Example 2: Activity Selection (Greedy Works)

  • Pick the activity that finishes earliest among those you can attend next.
# Activity Selection
# Greedy choice: pick the activity that finishes first among those that start after the last chosen finishes.

from dataclasses import dataclass

@dataclass
class Activity:
    name: str
    start: int
    finish: int

def activity_selection(activities: List[Activity]):
    # Sort by earliest finish time
    activities_sorted = sorted(activities, key=lambda a: a.finish)
    selected = []
    last_finish = -float("inf")

    for a in activities_sorted:
        if a.start >= last_finish:
            selected.append(a)
            last_finish = a.finish
    return selected

if __name__ == "__main__":
    activities = [
        Activity("A", 1, 4),
        Activity("B", 3, 5),
        Activity("C", 0, 6),
        Activity("D", 5, 7),
        Activity("E", 8, 9),
        Activity("F", 5, 9),
    ]
    chosen = activity_selection(activities)
    print("Selected activities:", [a.name for a in chosen])

Example 3: Coin Change (Greedy Does NOT Always Work)

  • Greedy approach: use the largest coin first.
  • Counterexample: Denominations [1, 3, 4] to make 6. Greedy picks 4 + 1 + 1 (3 coins), but optimal is 3 + 3 (2 coins).
# Coin Change (greedy does NOT always give optimal results)
# Greedy choice: always use the largest coin possible first.

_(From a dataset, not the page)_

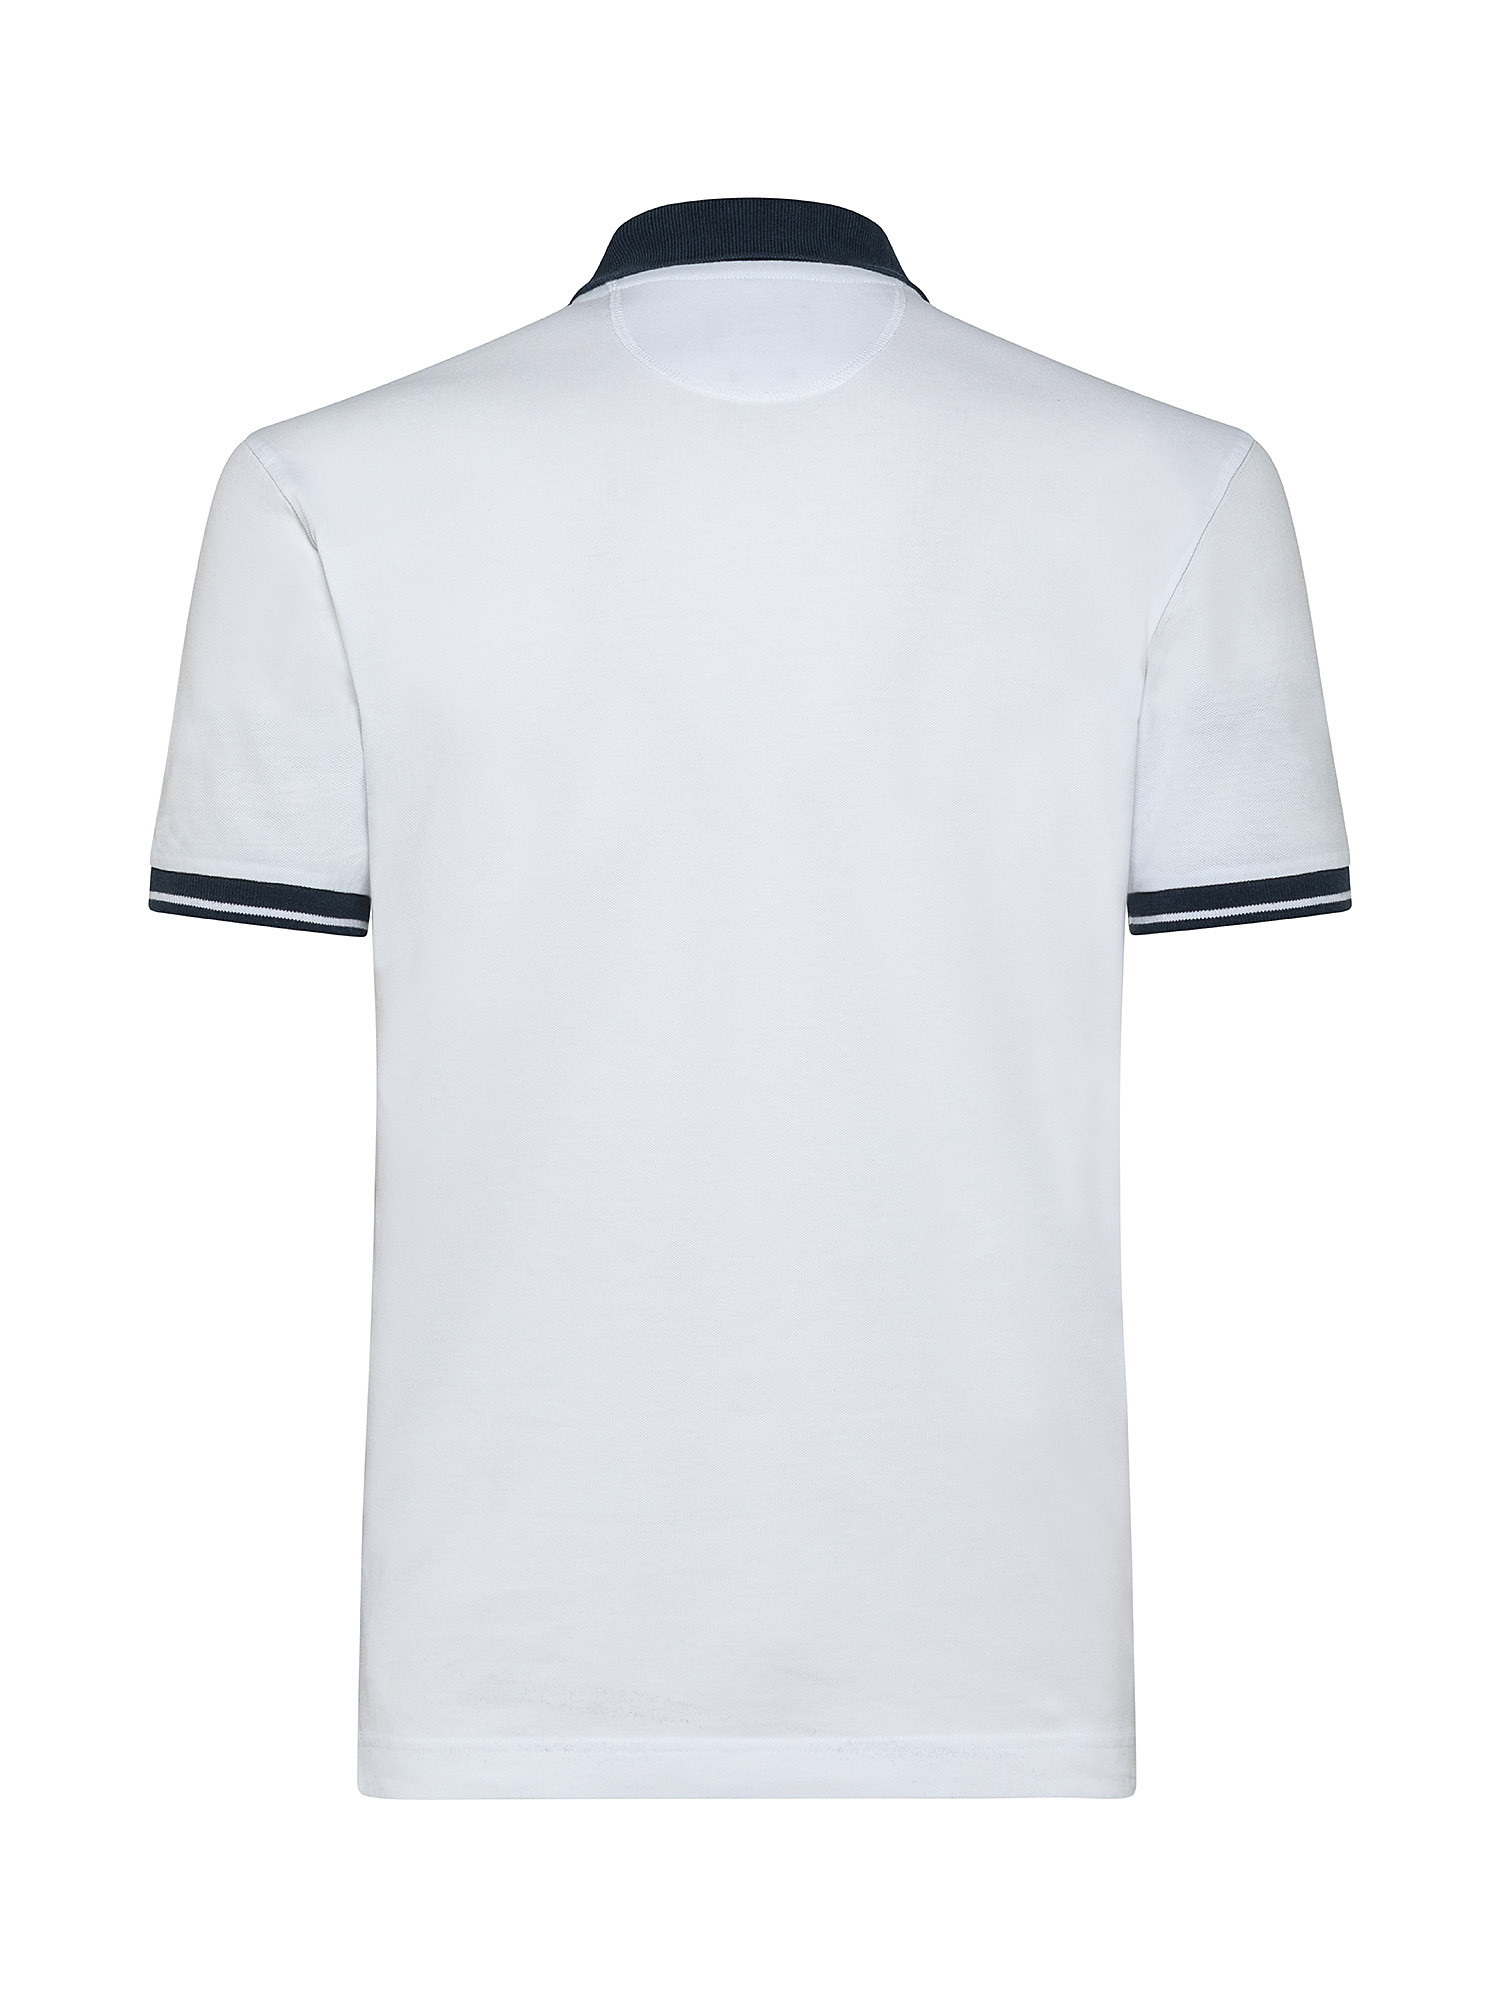 Men's short-sleeved slim-fit stretch cotton polo shirt, White, large image number 1

def coin_change_greedy(amount, coins):
    coins = sorted(coins, reverse=True)
    used = []
    total = 0
    for c in coins:
        cnt = amount // c
        if cnt:
            used.append((c, cnt))
            amount -= c * cnt
            total += cnt
    if amount != 0:
        return None, total, used  # not possible
    return None, total, used

if __name__ == "__main__":
    coins = [1, 3, 4]
    amount = 6
    _, total_coins, used = coin_change_greedy(amount, coins)
    print(f"Greedy uses {total_coins} coins: {used}")  # 3 coins (4+1+1)
    print("But optimal is 2 coins: (3, 3)")

Tips for Beginners

  • Always check if the problem has the greedy choice property; otherwise, consider dynamic programming or other methods.
  • Greedy algorithms are usually fast: often $O(n \log n)$ due to sorting.
  • When in doubt, test on edge cases and known counterexamples.